En seguida, Cavor apagó la luz, diciendo que no había demasiada fuerza acumulada, y que la que teníamos debía economizarse para leer. Durante un rato, no sé si largo o corto, no hubo dentro de la esfera más que una lobreguez profunda.
Una cuestión surgía de aquel vacío:
—¿Hacia qué punto vamos? —pregunté—. ¿Cuál es nuestra dirección?
—Nos alejamos de la tierra en tangente, y como la luna está cerca de su tercer cuarto, vamos de todos modos hacia ella. Voy a abrir una celosía…
Un chasquido… y la cubierta exterior de una de las ventanas se abrió. El espacio estaba tan negro como la obscuridad misma del interior de la esfera, pero un número infinito de estrellas marcaba la forma de la ventana abierta.
Los que sólo han visto desde la tierra el cielo estrellado, no pueden imaginarse la apariencia que tiene cuando ha desaparecido el velo vago, medio luminoso, de nuestro aire. Las estrellas que vemos de la tierra son apenas unas cuantas que consiguen penetrar en nuestra tupida atmósfera. ¡Por fin me era dado comprender lo infinito del universo!
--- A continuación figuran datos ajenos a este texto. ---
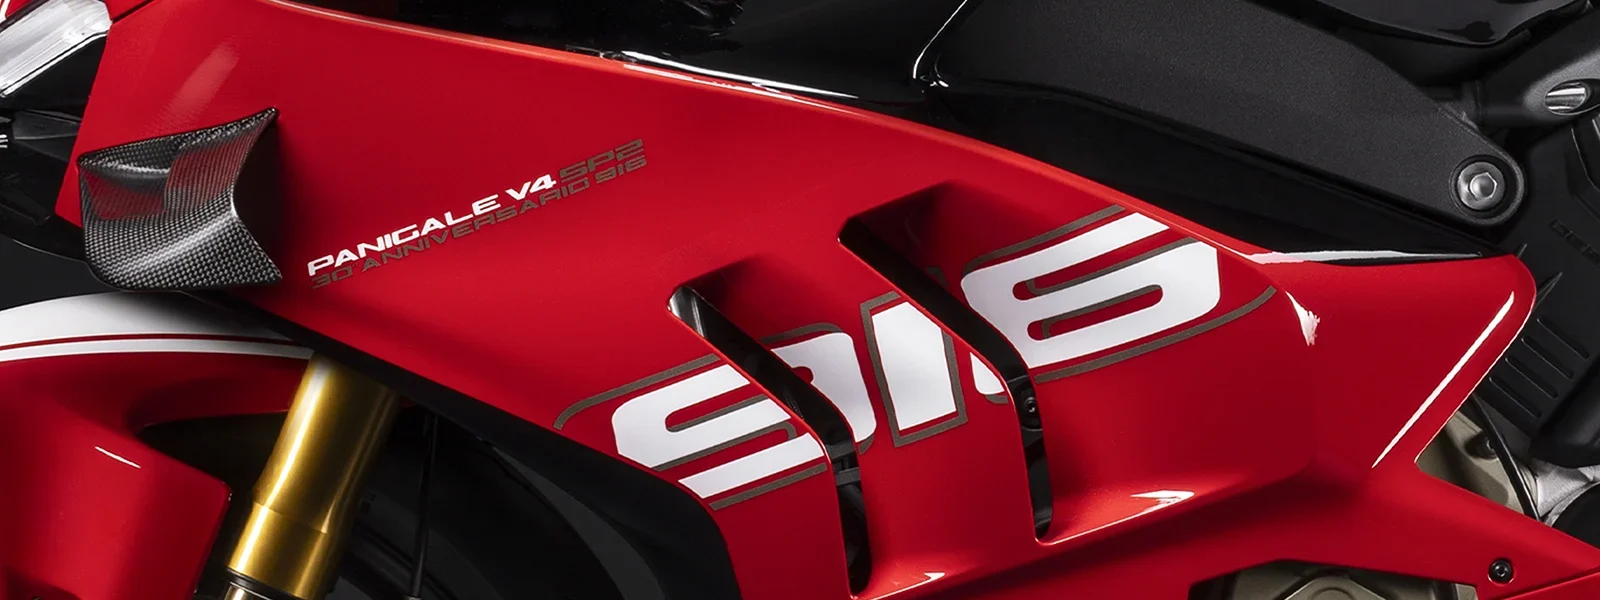 Ducati-Panigale-V4-SP2-30-anniversario-916-DWP24-Overview-hero-short-1600x1000-01

Sin duda nos esperaban cosas más extrañas aún; pero ese firmamento sin aire, cubierto como de un polvo de estrellas, es de todos mis recuerdos de esos días el último que se desvanecerá.
La ventanita desapareció con un chasquido; otra, a su lado, se abrió de golpe y se cerró enseguida, y luego una tercera, y durante un momento tuve que cerrar los ojos, para protegerlos del deslumbrante esplendor de la luna menguante.
Cuando volví a abrir los ojos, tuve, por un rato, que mirar a Cavor y los objetos iluminados de blanco que me rodeaban, antes de volver la vista a aquel pálido fulgor.
Cavor abrió cuatro ventanas para que la gravitación de la luna pudiera obrar sobre todas las substancias que había dentro de la esfera. De repente notó que ya no iba flotando libremente en el espacio, sino que mis pies reposaban en el vidrio, en la dirección de la luna. Las frazadas y las cajas de provisiones se aglomeraban también lentamente sobre el vidrio, y un instante después reposaron completamente contra él, ocultando una parte de la vista. A mi me parecía, por supuesto, que miraba «abajo», cuando miraba a la luna. En la tierra, «abajo» significa hacia el suelo, en la dirección adonde caen las cosas, y «arriba» la opuesta dirección. Pero, allí, el sentido de la gravitación era hacia la luna, y todo me indicaba que la tierra estaba «arriba». Por otra parte, cuando todas las celosías de Cavorita se hallaban cerradas, «abajo» era el centro de nuestra esfera, y «arriba» sus paredes exteriores.
Era también un caso bastante curioso, raro para habitantes de la tierra, el de recibir la luz de abajo. En la tierra, la luz cae de arriba, o llega oblicuamente, siempre de arriba abajo; pero allí nos llegaba de abajo de nuestros pies y, para ver nuestras sombras, teníamos que mirar hacia arriba.
Al principio me dio una especie de vértigo el estar parado en nada más que un vidrio, por grueso que éste fuera, y mirar abajo, a la luna, a través de cientos de miles de millas de espacio vacío; pero aquel malestar pasó pronto, y entonces: ¡qué esplendoroso espectáculo!
El lector podrá imaginárselo mejor si se echa en el suelo en una calurosa noche de estío, alza los pies, y por entre ellos mira la luna; pero por alguna razón, probablemente porque la ausencia de aire la hacía más luminosa, la luna parecía ya considerablemente mayor que cuando se la ve desde la tierra. Los más pequeños detalles de su superficie aparecían con minuciosa claridad; y como no la veíamos ya a través del aire, sus contornos eran brillantes y agudos, no había en torno suyo resplandor ni aureola, y el polvo de estrellas que cubría el firmamento llegaba hasta sus mismas orillas, y señalaba los contornos de su parte iluminada. Allí, parado, contemplando la luna a mis pies, aquella idea de lo imposible, que me había atormentado desde nuestra partida, volvió a acometerme con más fuerza que nunca.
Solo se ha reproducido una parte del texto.